Современные интерпретации

Одного этого примера достаточно для иллюстрации высказанных в адрес лингвистов упреков. Современные работы также весьма приблизительно решают поставленные проблемы.

Так, В. Н. Телия в духе времени интересуется только «обыденным менталитетом русского народа» или даже только языком, изъясняющим «связь мировидения с менталитетом народа»; это проблема прочтения, интерпретации, истолкования ментальности, а не механизма и логики сложения ментальности. Ментальность понимается очень узко как «словозначение, выполняющее функцию символа», в частности только на материале традиционных русских фразеологизмов («образное содержание фразеологизмов» [Телия 1996: 238, 260, 244, 247]), следовательно на уровне явления без углубления в концепт (под концептом представляется только понятие; о понимании московскими лингвистами «концепта» см. реферат [Фрумкина 1995]). Это истолкование лингвистического материала с позиции вещи, чисто номиналистическое; оно отличается от аналогичных работ, например Г. Гачева — типично «реалистичных» (его типология идеальных схем идет от идеи и слова [Гачев 1995]). Непонятно также, почему именно (и только) «анализ русской лексики позволяет сделать выводы об особенностях русского видения мира» до степени «объективной базы, без которой такие рассуждения часто выглядят поверхностными спекуляциями» [Булыгина, Шмелев 1997: 481] — весь язык в целом является носителем народной ментальности.

Известны попытки психологических объяснений основных свойств «русского характера» [Касьянова 1994], но ссылками на «эпилептоидность» или «параноидальность» целого народа (!) тут мало чем поможешь. В старых исследованиях на эту тему упор делался в основном на традиции материальной русской культуры.
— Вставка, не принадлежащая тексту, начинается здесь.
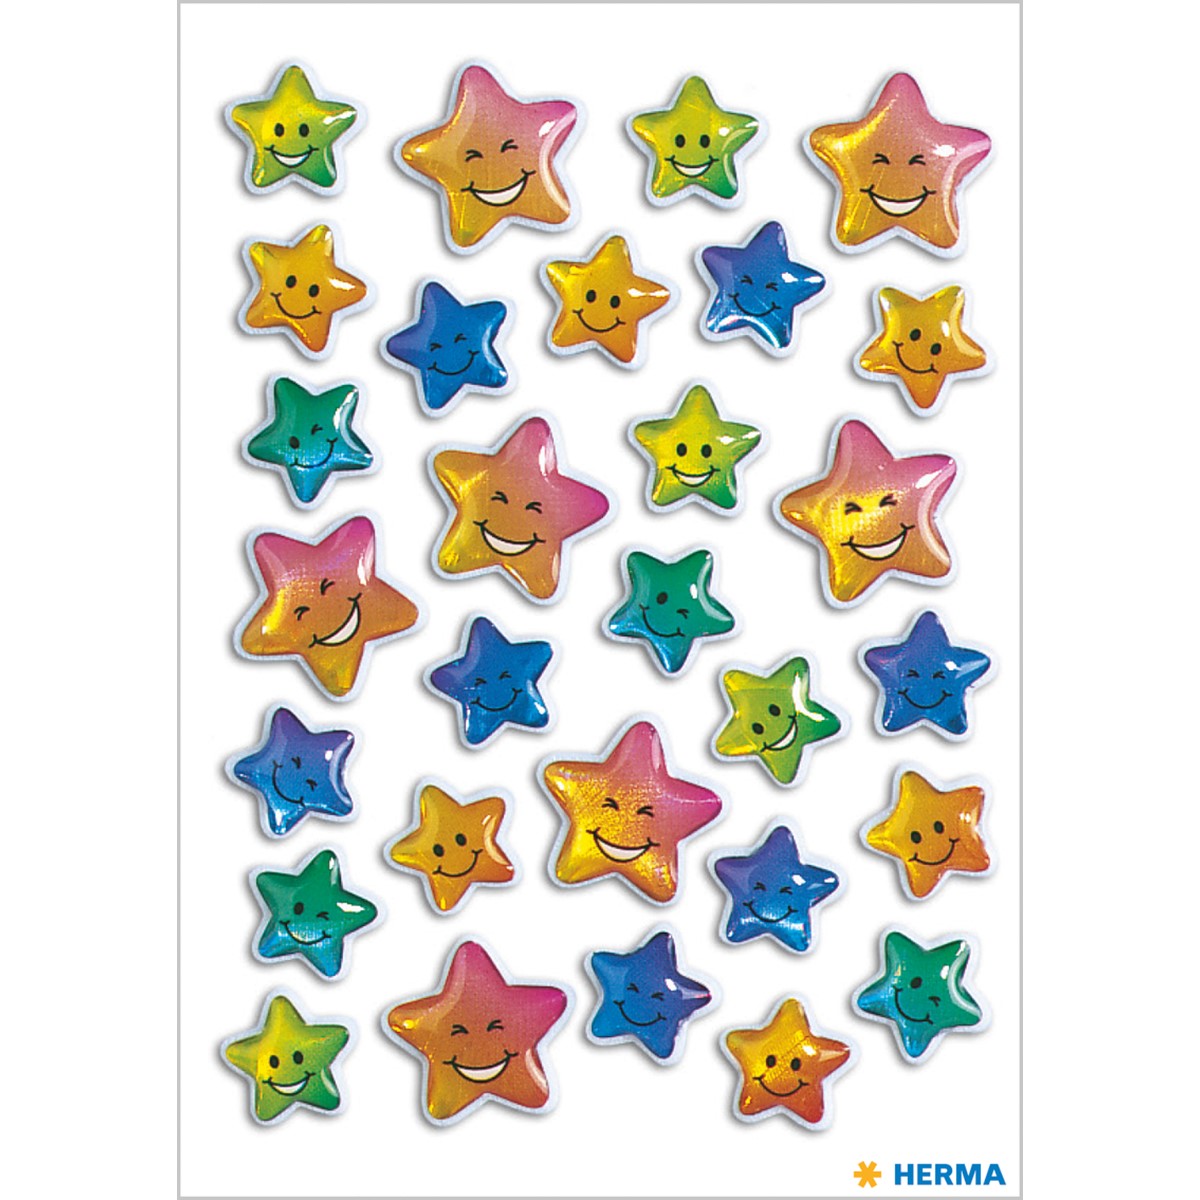 Sticker-Sterne bunt, per Pkg.

Русская ментальность в таких работах [Федотов 1991; Лосский 1991; Вышеславцев 1995 и др.] сводится к духовным поискам соборного сознания — своего рода «богословская интуиция» русского народа. «В резкой противоположности манихейству русский стих принимает онтологическую божественность природы, которую мы назвали софийной», это есть «тройственность народной этики», связывающей «ритуальный закон — с Христом, каритативный — с Богоматерью, натуралистический — с Матерью-Землей» [Федотов 1991: 118]. «Трихотомия народной религиозности» противопоставлена дуализму «нашего материального сознания». Подтверждение этой структурной противоположности находим и в средневековом материале [Колесов 2001].
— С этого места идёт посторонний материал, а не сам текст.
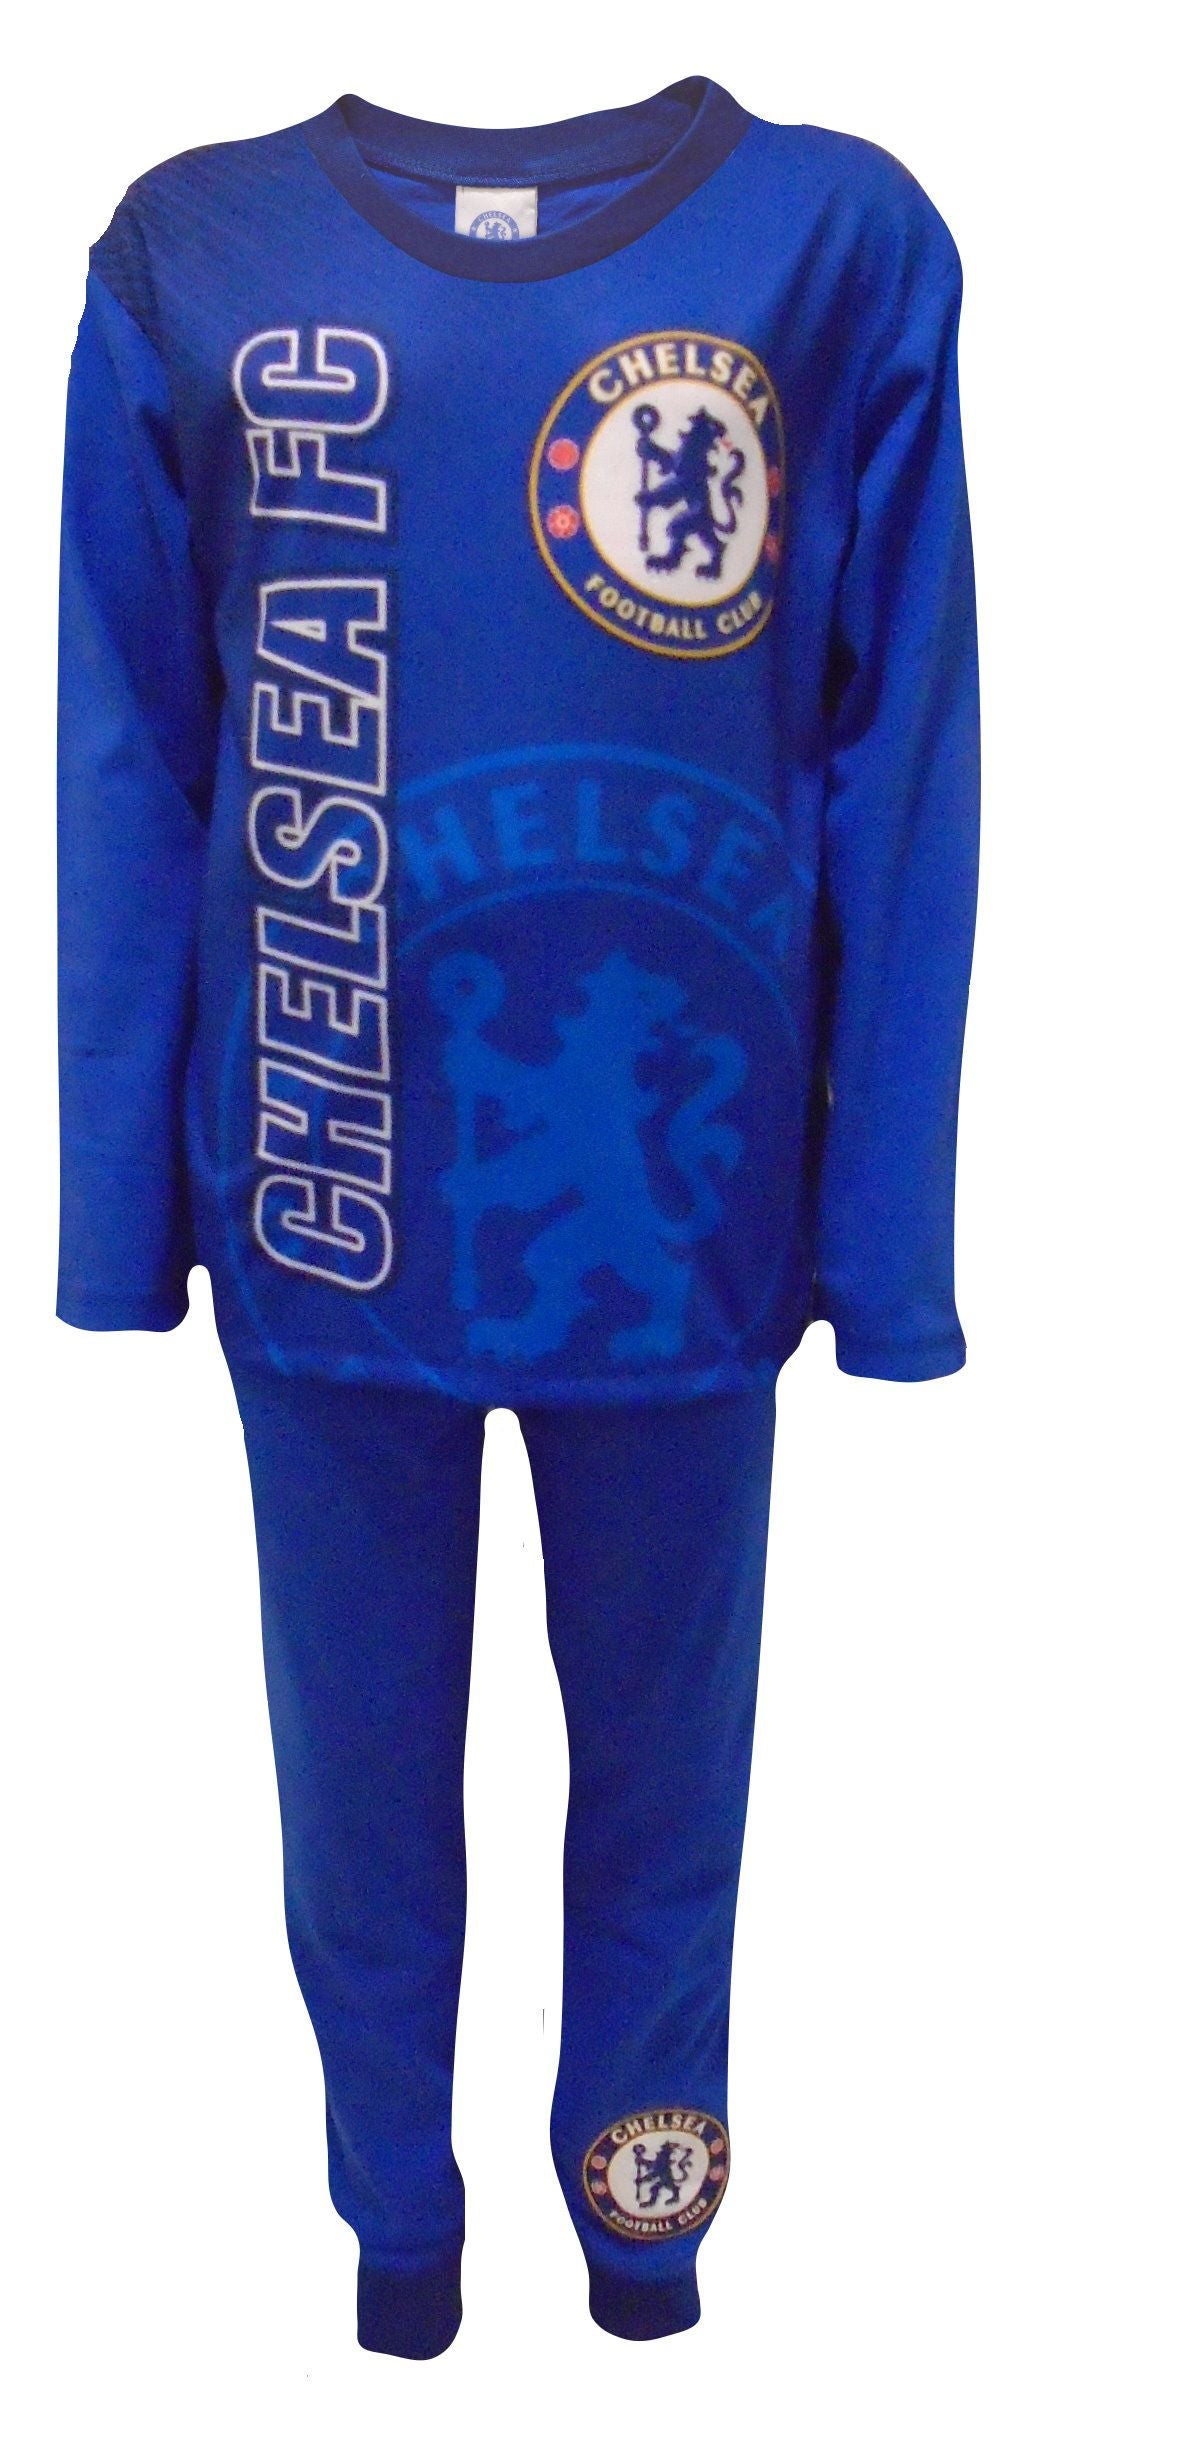 Cheslea Football Club "2019" Boys Pyjamas

Лингвистический подход к теме

Даже наиболее удачные попытки исследовать русскую ментальность через семантику языка страдают односторонностью выводов.

Например, Анна Вежбицка [1991] заключения о русской ментальности строит на основании статистически более распространенных конструкций — без учета возможных обратных синтаксических типов (следовательно, пристрастно) и описывает их по контрасту с английской формой ментальности (речемысли). Утверждается «пациентивная» (пассивная) ориентация русской «этнофилософии», в отличие от «агентивной» (активной) ориентации английского языка, и такое заключение основано на контекстах вынужденно услужливого характера (письма Марины Цветаевой). Если в данном случае и нет национальной пристрастности, то искажение ментального поля сознания тут налицо. В качестве основных выделяются: повышенная эмоциональность, склонность к фатализму, неконтролируемость событиями (приводится словечко Евтушенко притерпелость), иррациональность сознания (отсутствие каузации событийного ряда, т. е. равнодушие к идее причинности), антирационализм с примером знаменитого русского авось, категоричность моральных суждений в отношении других лиц. В последнем случае приводятся многие русские слова типа мерзавец, негодяй, подлец и т. д. при единственном (якобы) слове других языков, например только scoundrel у англичан. Но и тут обычная подмена тезисов: сравниваются стилистически разные уровни двух словарно богатых языков, причем сознательно исключаются английские слова столь же низкого стиля (их даже больше, чем в русском).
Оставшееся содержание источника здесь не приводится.